Он в Александровой недели две, говорит, сидел.
"С тех пор и пьешь?"
"Нет, – говорит и к Шигоне: – С коего дня пьем?"
"Со второго по приезде".
"Вот!"
Спрашиваю:
"А зачем?"
"Остужает, – говорит, – в душе жжение".
И улыбается, а глаза, вижу покалывают – все, значит, соображает, и спрашиваю тогда напрямую, какой гнев у него на тебя.
"На жену?! Ты что?! На мою святую супружницу! На пресветлую! Что говоришь-то! Какой гнев?"
"А пошто же не бываешь? Пошто двери заперли? Пошто людей ее не пускают на твою половину?"
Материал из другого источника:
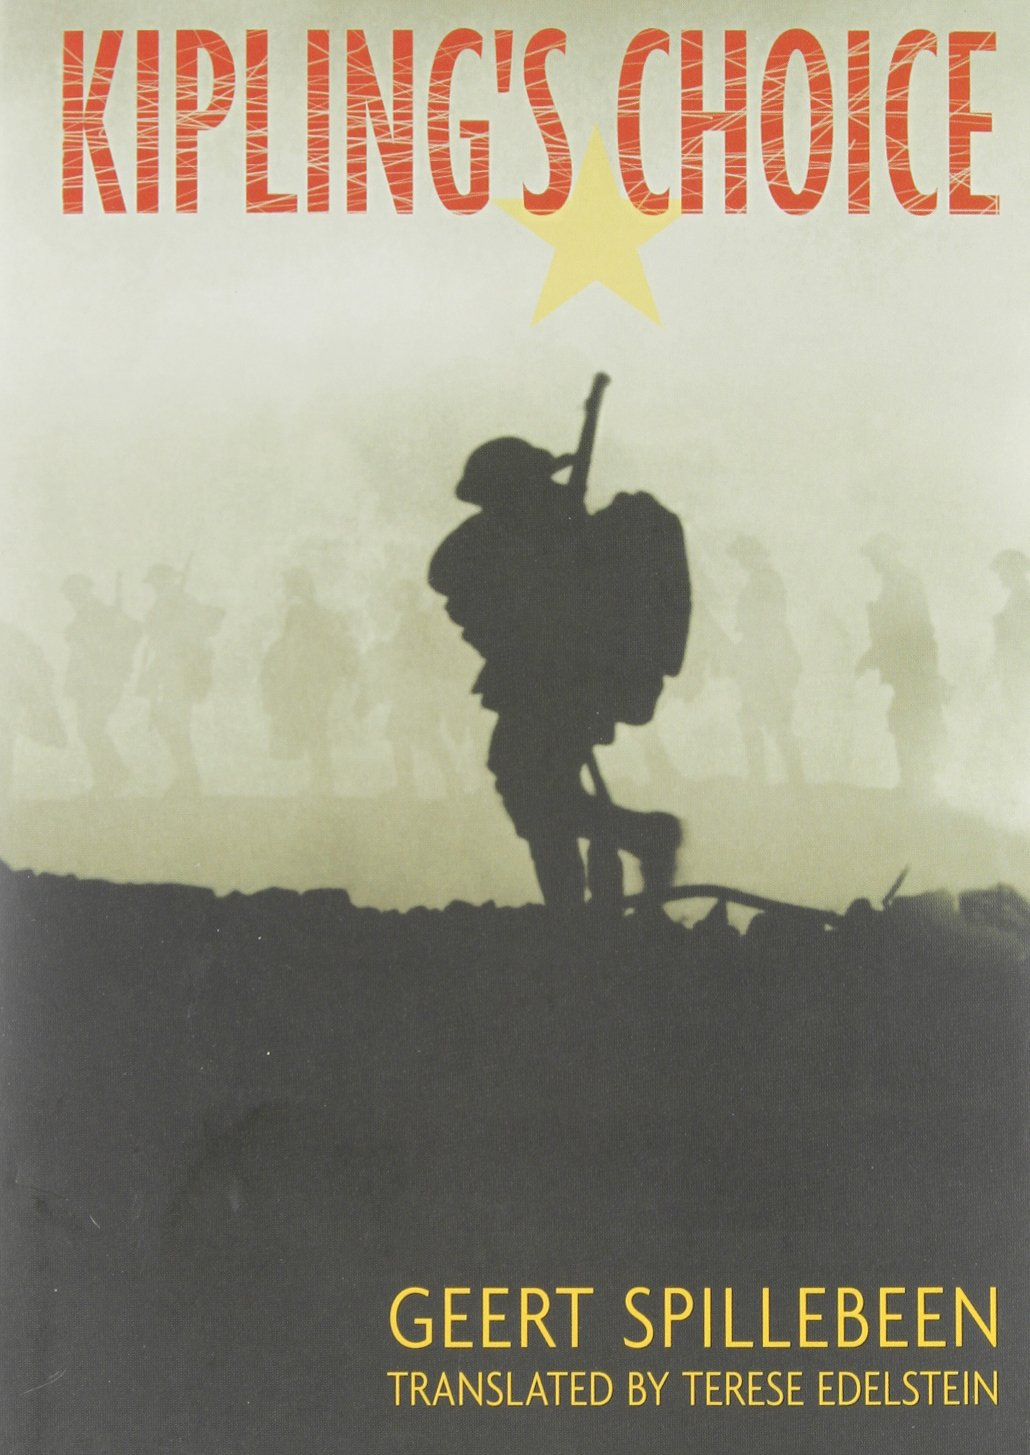 Read Online Kipling's Choice (Bccb Blue Ribbon Fiction Books (Awards)) PDF

"Какие двери?! Каких людей?!"
Разгневался, глаза заполыхали и к Шигоне: отвечай, мол, кто какие такие двери позакрывал и людей ловил. А тот отвечает, что тоже ничего не знает, и крестится, божится, что ничего такого злого не делал, не замышлял, и государь его тут же турнул, велел пойти и распорядиться, чтоб немедля все пооткрывали, а тех, кто так насамоуправничал, разыскал и наказал по всей строгости. Шигона тотчас исчез, а он стал уговаривать меня выпить с ним, хотя знает, что вовсе в рот не беру. Никогда так не уговаривал; и уважь, и сделай милость, и как ты можешь своему государю отказывать в такой просьбе, он-де и озлиться может, я этого, что ли, хочу? Никогда так со мной не говаривал. Ну пьянь пьянью! Быстро, правда, опамятовал, стих, и, когда я спросил еще, неужели ему тебя не жалко, ведь понимает, знает же, как ты переживаешь, как волнуешься за него и чувствуешь, что что-то с ним произошло ужасное, что заболел он, и верно ведь заболел, этим пьянством-то, и он, ты знаешь, вдруг как всхлипнет, на глазах слезы, и забормотал, что да, очень ему тебя жалко, так жалко, что слов нет и стыдно даже показаться тебе на глаза в таком вот виде. Расплакался, по-пьяному конечно, а вместе с тем вроде и не по-пьяному.
А после и говорит:
"Что ж она сама-то, коль так мается, не придет ко мне? Ведь говоришь же, что все чувствует".
В самом деле, пойди сама.
– Прямо сейчас?
– Ну что ты! Пусть проспится. Завтра. Проход-то Шигона открыл, сам меня через него проводил.
* * *
Опашень надела пурпурный муаровый с широким воротником из яркорыжей лисицы и янтарными пуговицами в серебре. И накапка выглядывала по бокам из прорезей ярко-желтая атласная блескучая с малиновыми тугими запястьями, шитыми скатным жемчугом и разноцветными каменьями. А кика была густо-вишневая парчовая с крупными лалами и изумрудами впереди и с поднизью в восемь шнуров с каждой стороны из крупных жемчужин, лежавших концами на лисьем воротнике. Сапоги одела тоже желтые сафьяновые с крупными игривыми рубинами и узором из мелких кораллов. Платок же в руках держала прозрачно-легкого розового шелка. И набелилась, насурьмилась, щеки нарумянила, будто яблочки.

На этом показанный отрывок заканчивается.